1. If we're a clothing retailer, we have to hire fashionista/passionistas. I've watched oodles of training videos showing salespeople how to upsell customers who came in for a skirt to buy the blouse as well. That's not what we need to do: A genuine passionista (of whatever retail genre) is excited about the merchandise not because they're told to be, but because they are excited by it. How can you tell? One of the aspects of finding passionistas is that their avocation is also their vocation. Are we hiring people based on their affordability, viewing them as interchangeable cogs in our retail machine? Or because they read Vogue and Glamour, are obsessed by Project Runway and come to us with a million ideas for how to do in-store fashion make-overs and fashion shows? Genuinely fashion-involved people are creative — let them be. If our potential sales associate is debating between an apparel or a wait staff position, we should encourage them to go to the food court.
2. We have to brand the experience, differentiating on elements of style and design. The most salient emotional benefit of shopping is to feel "lucky," as women describe it over and over. (There's a Condé Nast magazine that's claimed this excitement as its own, to great economic and cultural advantage, of course.) Knowing that feeling lucky is the emotion women desire from a great shopping experience, we can empathize with retailers who try resort to the short cut of price promotion, which surely can elicit the "lucky" response.

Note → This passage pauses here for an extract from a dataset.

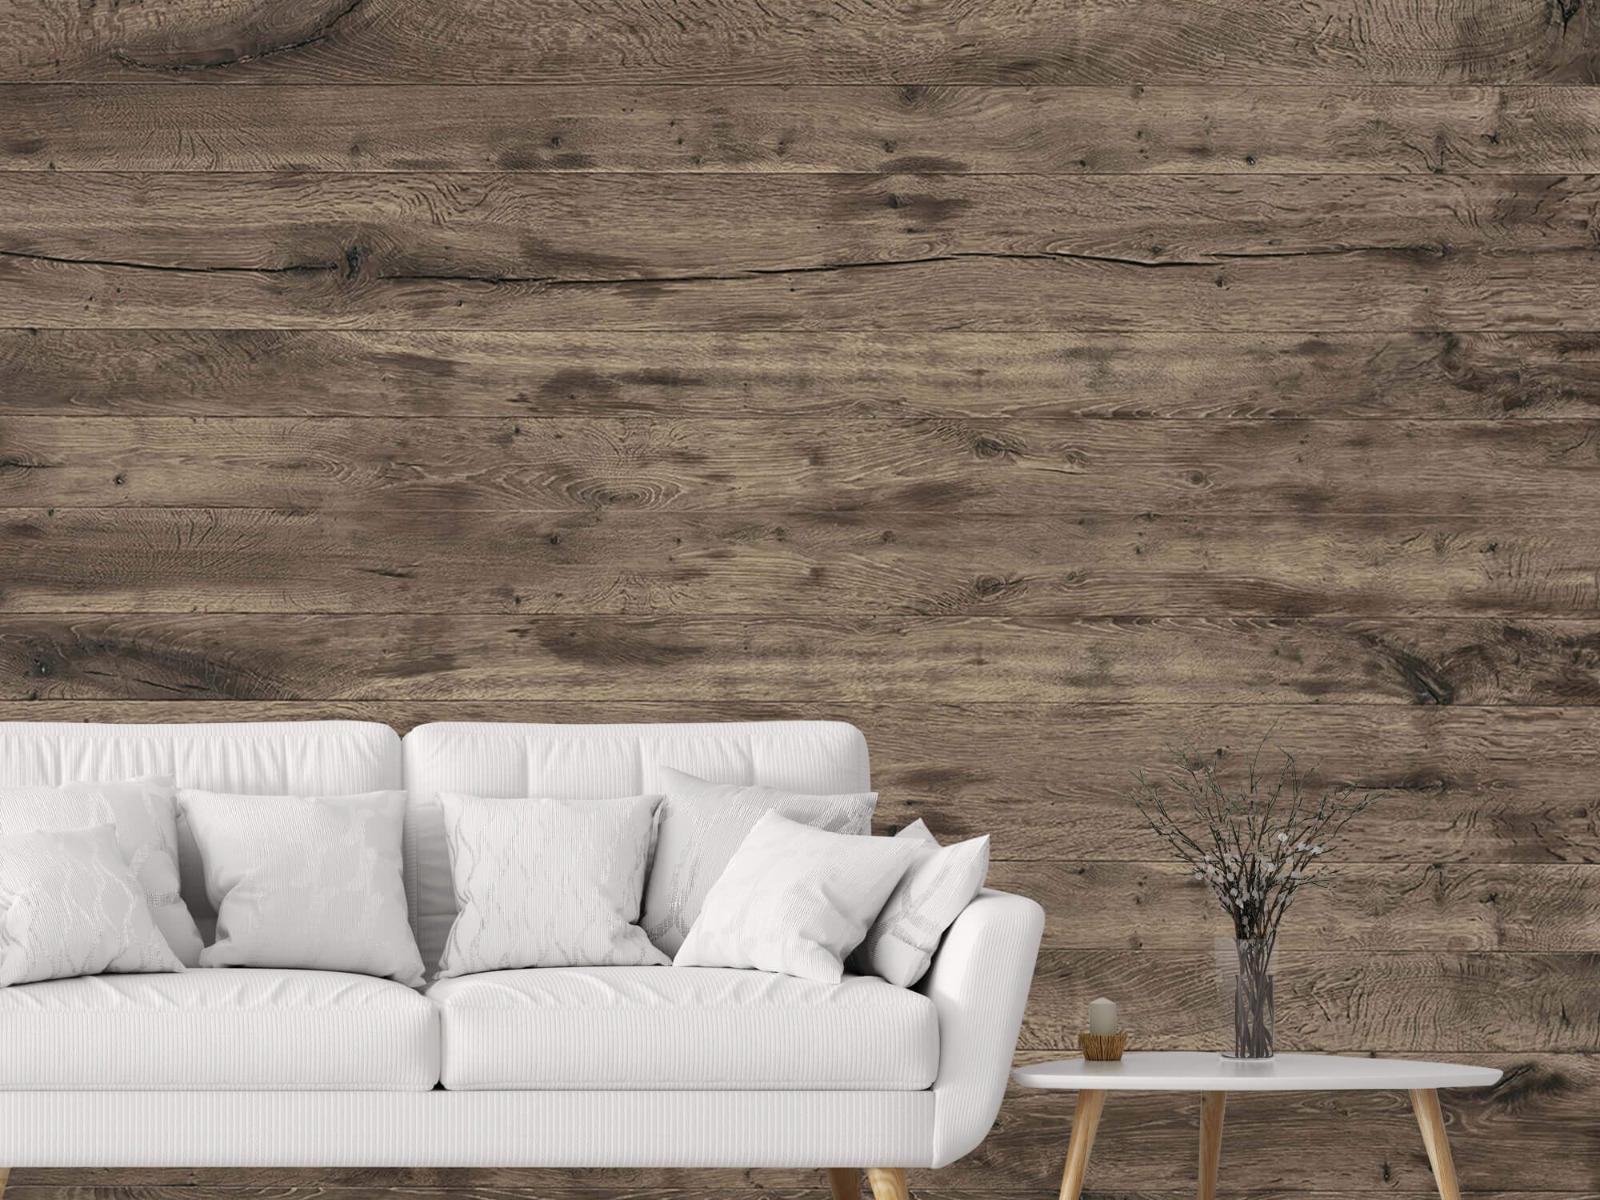 Hout behang - Rustieke houten planken - Garage 3

However, it's those folks who work harder and more creatively to prompt the "I'm lucky I found it" reaction through enhanced shopping experiences who win social as well as financial capital. A lot has been written — and debunked — about the value of the experience economy and "retailtainment." But when improved margins, share gain and loyalty are the metrics that matter, both retailer and shopper forge winning strategies through which each feels lucky.
And yes, of course, every so often a genuine sale can generate genuine luck. One of the best examples of this I've seen is the semi-annual sale at Pink. Suddenly you see well-dressed people all over the city carrying Pink Sale bags. No other advertising is really required. You're aware in the most aspirational way possible that this savvy store is having a sale. This is not at all the same as dumping unwanted and more than a little desperate circulars and emails in mailboxes.
3. We have to change the tone, acknowledging that the customer knows the economy is in free-fall. So much of what we see is old-world marketing about "buyers' days" and "white sales" — just like nothing was going on in the universe that has every retailer, and many customers, panicked. That's plain goofy.
As I tell my clients, there is no unfocused group person left in the world. As Stephen Brown (University of Ulster) says it, "Marketers know about consumers, consumers know about marketers, marketers know consumers know about marketers, consumers know marketers know consumers know about marketers." If that's the case (and it is), then why aren't we stepping up and acknowledging it? Customers are not idiots and they don't want to pay more for something than someone else does. Why not just have an "end of the quarter, we have to make our numbers and you have to do your part" sale? Make it fun, festive and a bit fearless in its trust of the customer. Have it after normal business hours, serve snacks and loopy umbrella drinks and have a sense of real engagement with your best customers.
What customers want is to have a unique proposition. When we bother to do that through service and support or any of a hundred valid means, we automatically de-average price. Then the challenge is simply to authentically explain why we're doing what we're doing — and "Today only! Free shipping!" ceases to be the only mantra possible.